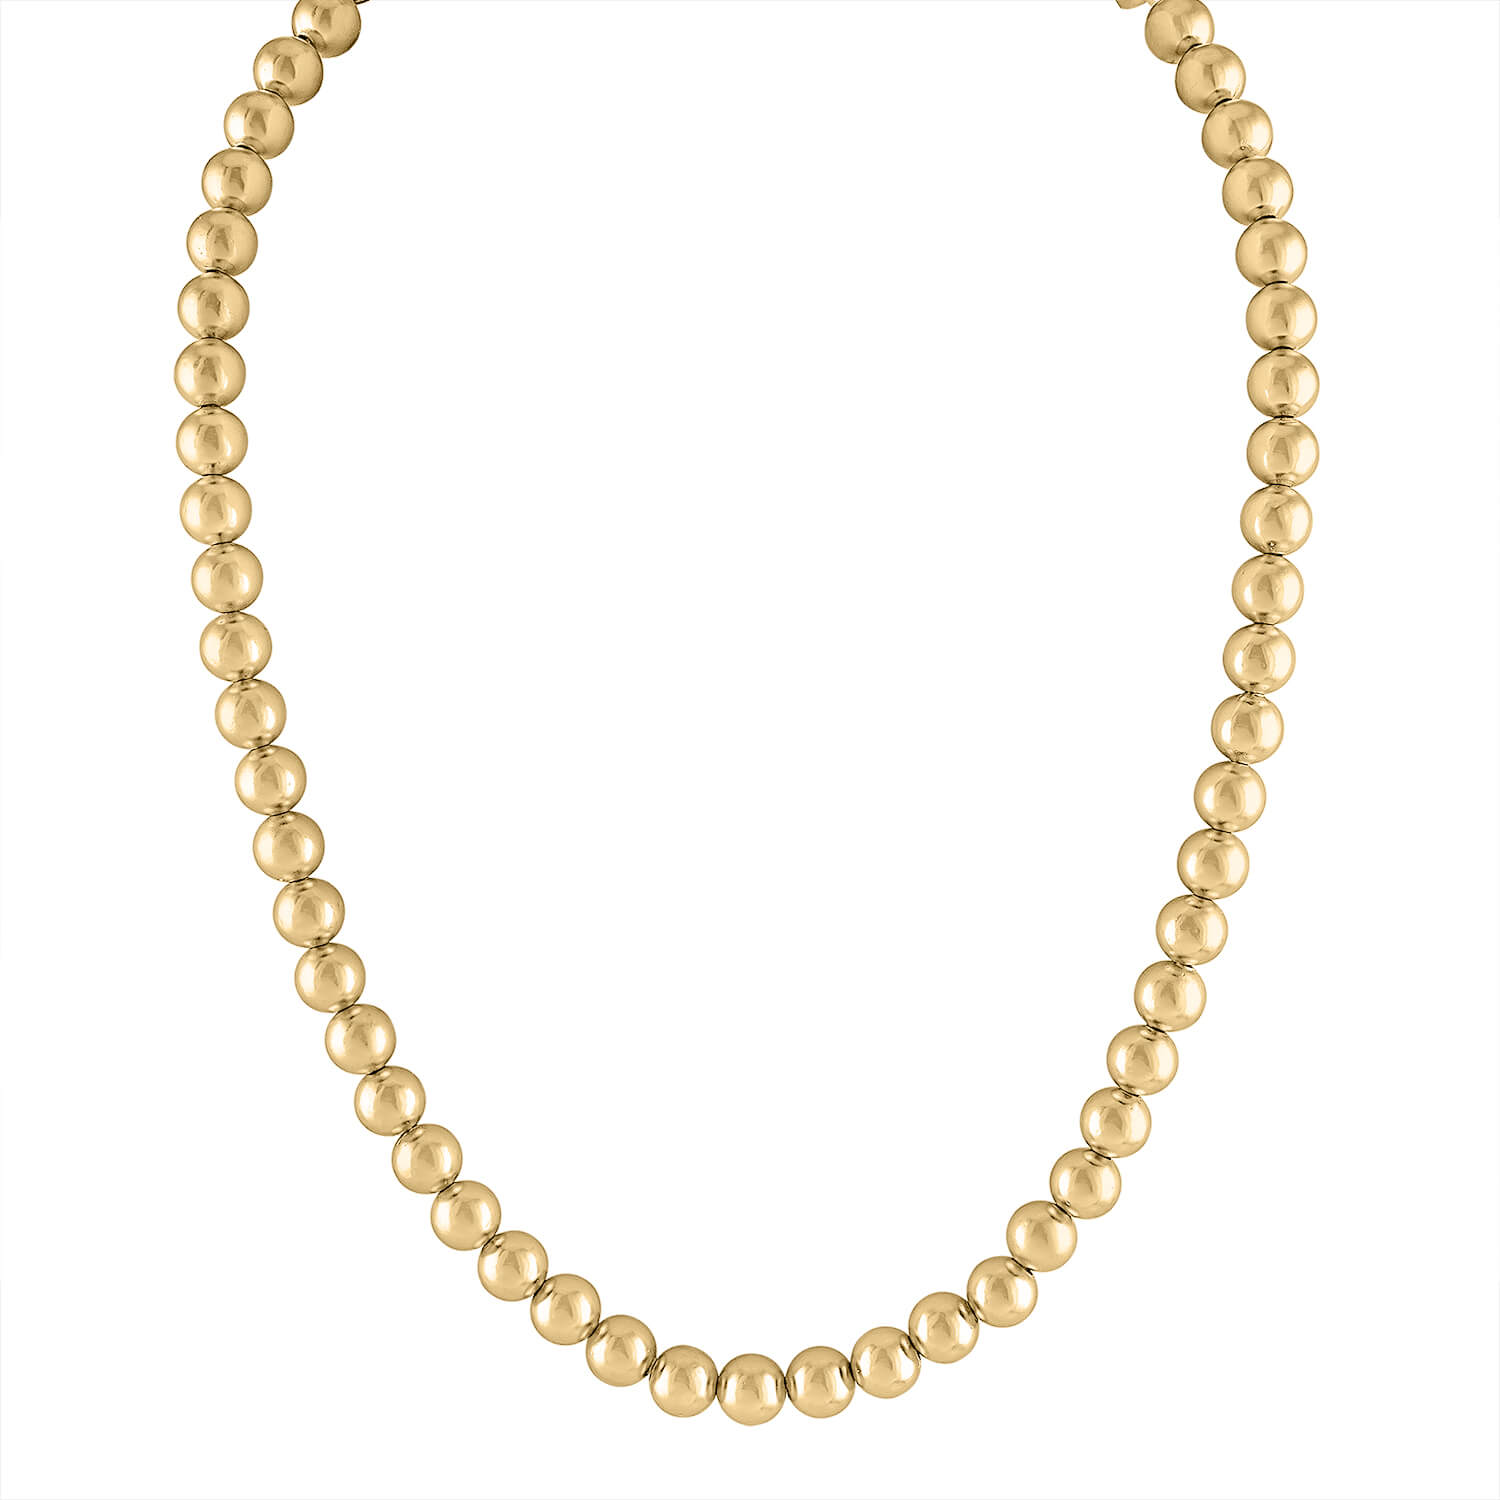 Industrial Pearl Necklace in Gold
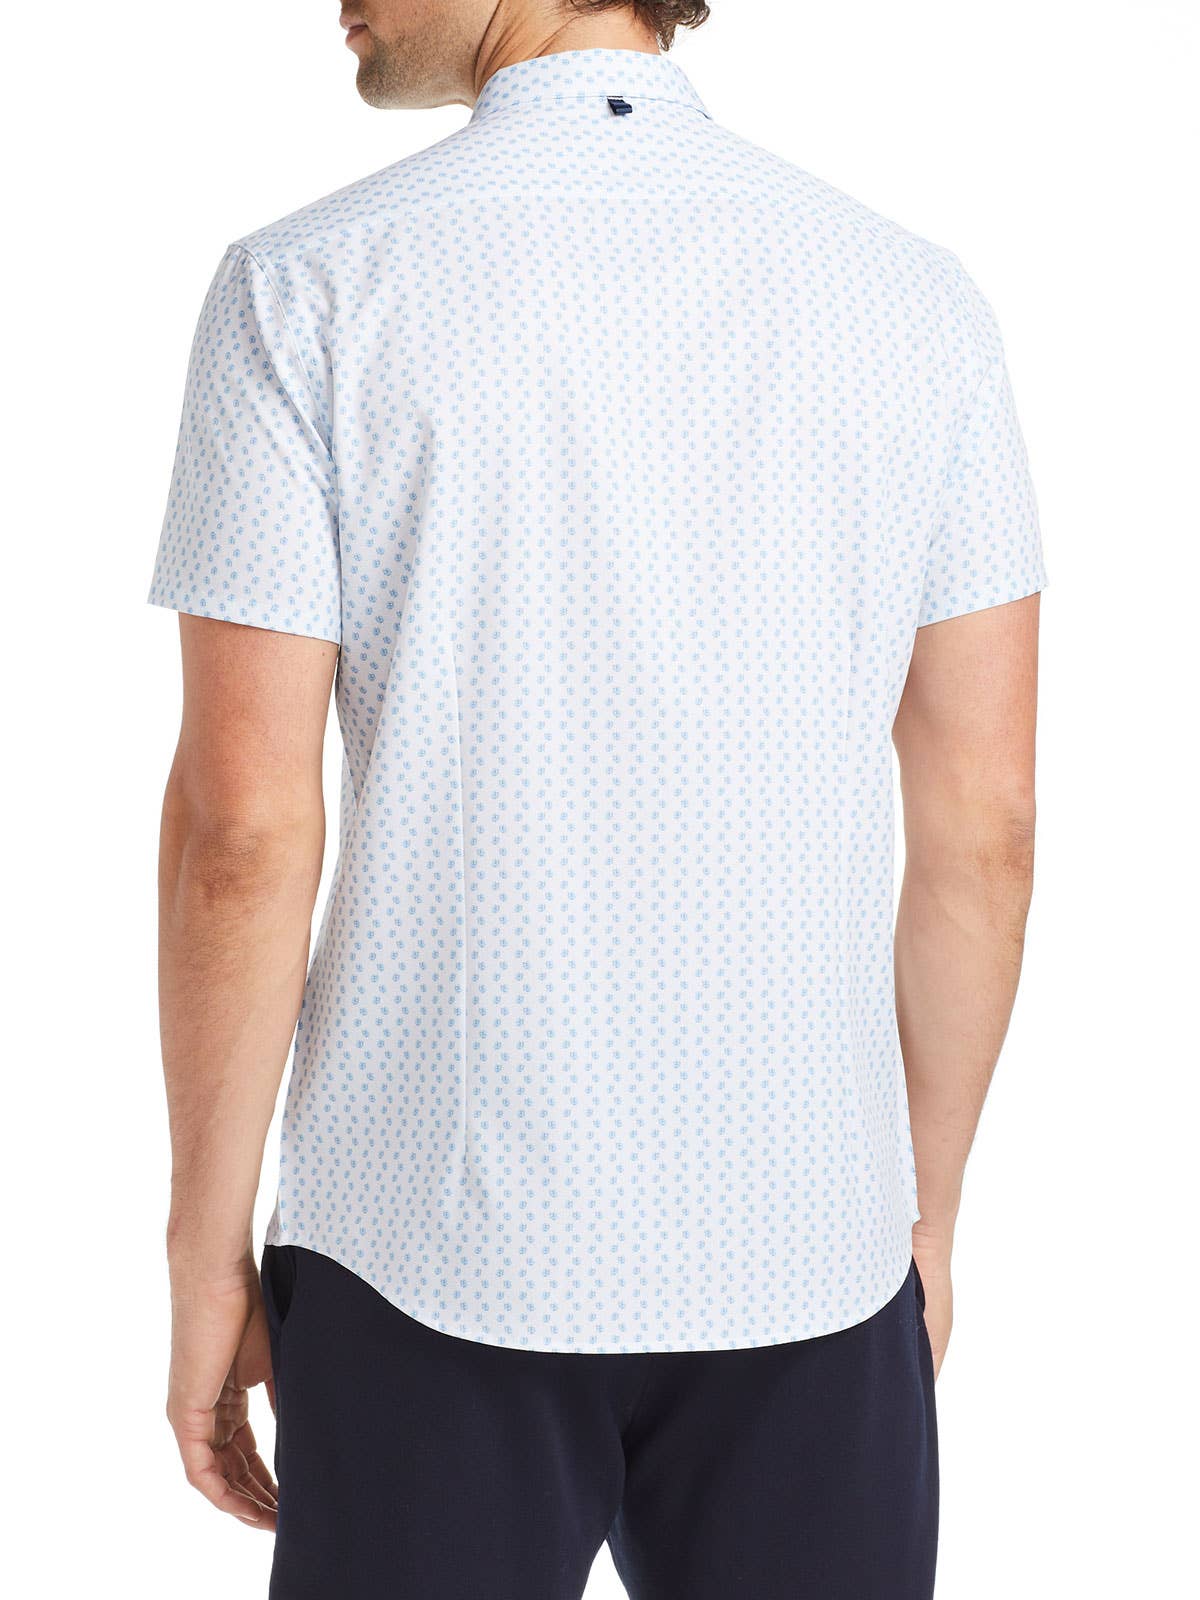 Texted Dot 4 Way Stretch Short Sleeve Shirt by W.R.K.
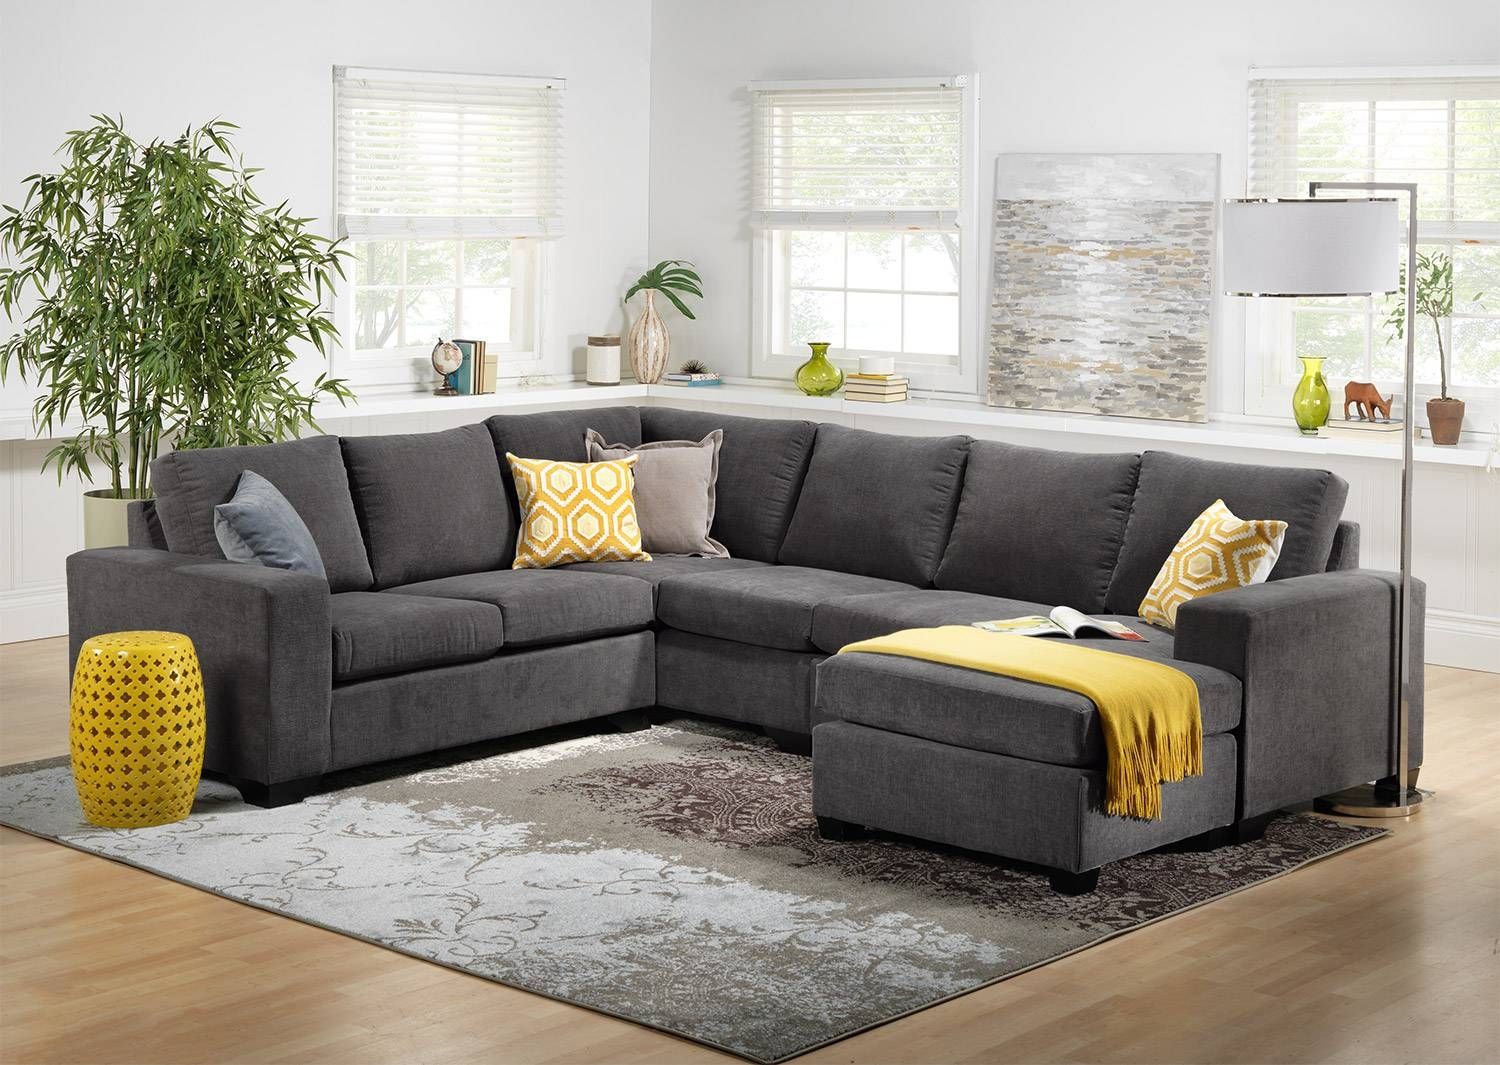 Stunning Cozy Sectional Sofas 58 For Your Couch Cover For Throughout Cozy Sectional Sofas (Photo 27 of 30)
********************
**Action item:**
Once the pictures are set aside, repeat the data above exactly.

**Solution:**
 Industrial Pearl Necklace in Gold
 Texted Dot 4 Way Stretch Short Sleeve Shirt by W.R.K.
 Stunning Cozy Sectional Sofas 58 For Your Couch Cover For Throughout Cozy Sectional Sofas (Photo 27 of 30)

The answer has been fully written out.